Plaintiff brought suit to recover rent for the months of December, 1917, and January and February, 1918, under a written lease, and defendant counterclaimed for $146.35, moneys necessarily expended in the purchase of oil stoves, gas stoves and fuel to furnish heat in the loft rented by defendant from plaintiff, which the plaintiff-landlord was, by the *83terms of its lease, obligated to furnish, but which it failed utterly to do.
Defendant’s witnesses testified that during November, December, January and February the plaintiff failed entirely to furnish heat in the premises, the temperature therein varying a .large part of the time between four degrees below zero to eleven degrees above; that it repeatedly notified the landlord of the unheated condition of the premises and requested it to furnish heat, but the landlord failed and neglected so to do, and that even with the heat so furnished by defendant, through the use of gas and oil stoves, the premises were so insufficiently heated that for a considerable period of time during said months defendant was obliged to have its employees quit work about two-thirty p. m.
Plaintiff’s witnesses denied that the premises were insufficiently heated, except for a few days between December 26, 19.17, and January 4, 1918.
'The evidence produced by defendant convincingly established the utter failure of the lessor to perform its covenant as to heating the premises, and the trial judge was fully justified in determining this fact in favor of the defendant-tenant.

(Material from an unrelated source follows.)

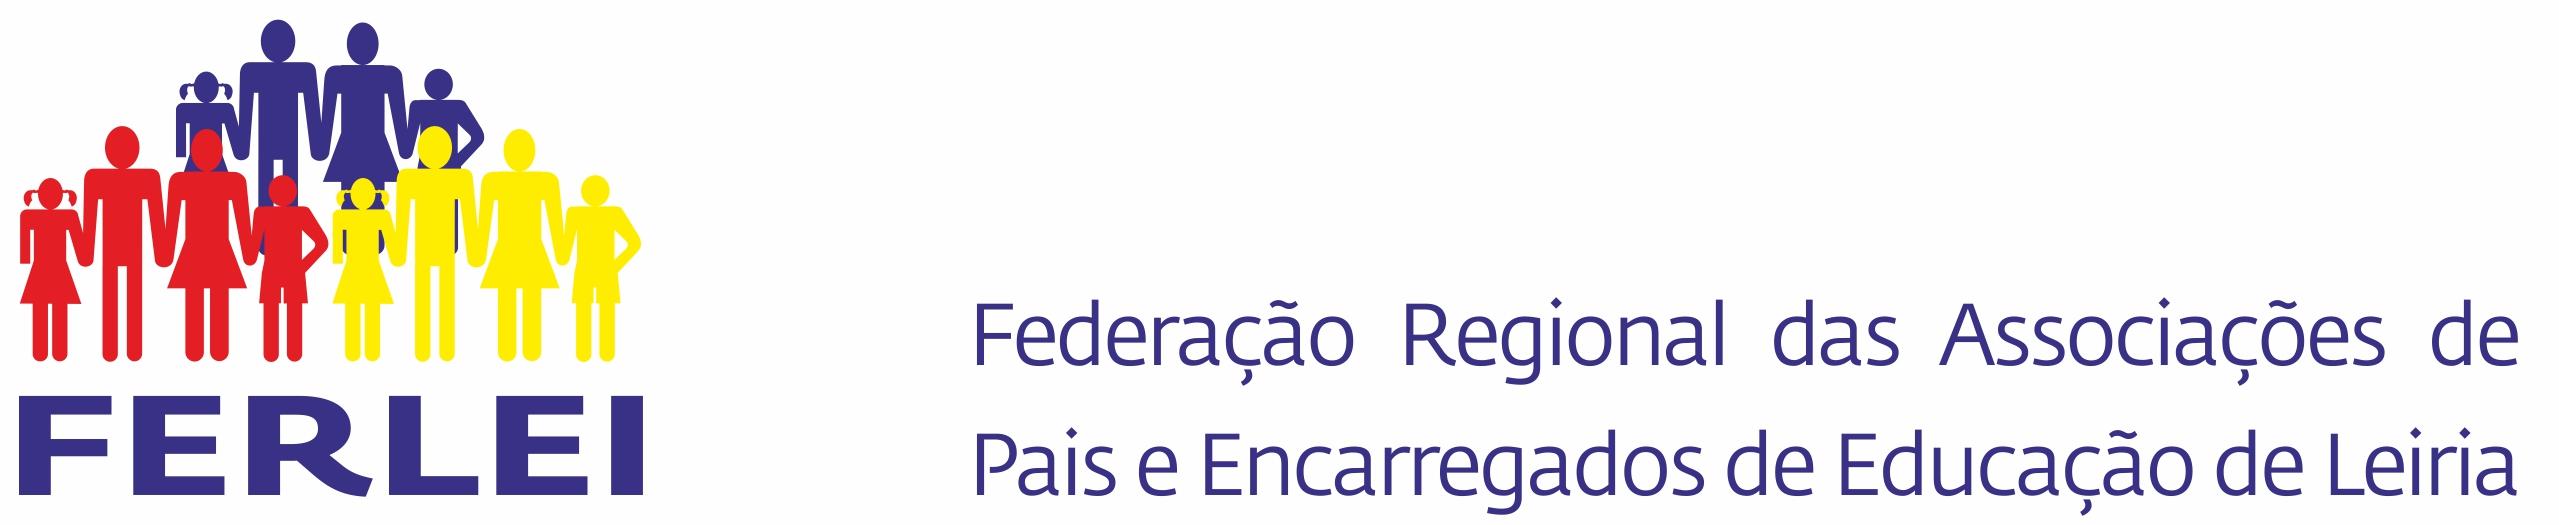 FERLEI-FEDERAÇÃO REGIONAL DAS ASSOCIAÇÕES DE PAIS E ENCARREGADOS DE EDUCAÇÃO DE LEIRIA

The main question presented on this appeal is as to the measure of damage in actions of this character. The plaintiff-appellant contends that the tenant’s damage is limited to the difference in the rental value of the heated premises as fixed by the lease, and the rental value of the premises without heat, citing Thomson-Houston Electric Co. v. Durant Land Imp. Co., 144 N. Y. 34, where it was held that ordinarily, where there has been a breach of the lessor’s covenant to repair, the measure of damage is the difference in general rental value. This rule would not be applicable to a case where, as in the case at bar, the tenant under*84takes to perforin a duty obligatory upon the landlord. In such case the measure of damage for the breach is the expense of doing the work which the landlord agreed to do, but did not do. Schick v. Fleischhauer, 26 App. Div. 210, 211; Wurz v. Watts, 73 Misc. Rep. 262; Myers v. Burns, 35 N. Y. 269, 270; Hexter v. Knox, 63 id. 567; Herbst v. Kellogg Mfg. Co., 112 App. Div. 355, 356.
An unusual and somewhat difficult question arises from the fact that the judgment entered left the ownership and possession of the gas and oil stoves in the defendant, although defendant has been awarded the full amount of money expended therefor; and plaintiff-appellant ’s counsel contends that it was the duty of the defendant-tenant to tender such articles so purchased by it to the plaintiff before defendant could maintain the counterclaim herein. Title to said articles never having been in the landlord the tender thereof was not essential to defendant’s cause of action under its counterclaim; but it is manifest that defendant’s recovery must be limited to the actual loss or expense incurred by it because of plaintiff’s breach of contract. This would be the cost of fuel and the difference between the price necessarily paid by defendant for stoves and their present value as shown by the price realized on a sale thereof or expert testimony as to their value after being so used. Deutsch v. Cirker, 152 N. Y. Supp. 996, 997.
The contention of the appellant that by the terms of the lease the tenant could not recover damages resulting from lack of heat due to repairs ordered by a state or city department is only applicable to a short period between December twenty-sixth and January fourth; and the evidence does not warrant a finding that the purchase of the articles in question was to meet a situation developed at that particular time. It *85is also established by the evidence that the repairs referred to by appellant were made necessary in the first instance, not by any order of a state or city department, but by the bursting of pipes due to the landlord’s breach of contract in failing to furnish proper heat as required under his lease.
While defendant fully established its cause of action under its counterclaim, the inadequacy of the proof as to the damage renders a new trial necessary.
Bjur and Weeks, JJ., concur.
Judgment reversed, new trial ordered, without costs of appeal.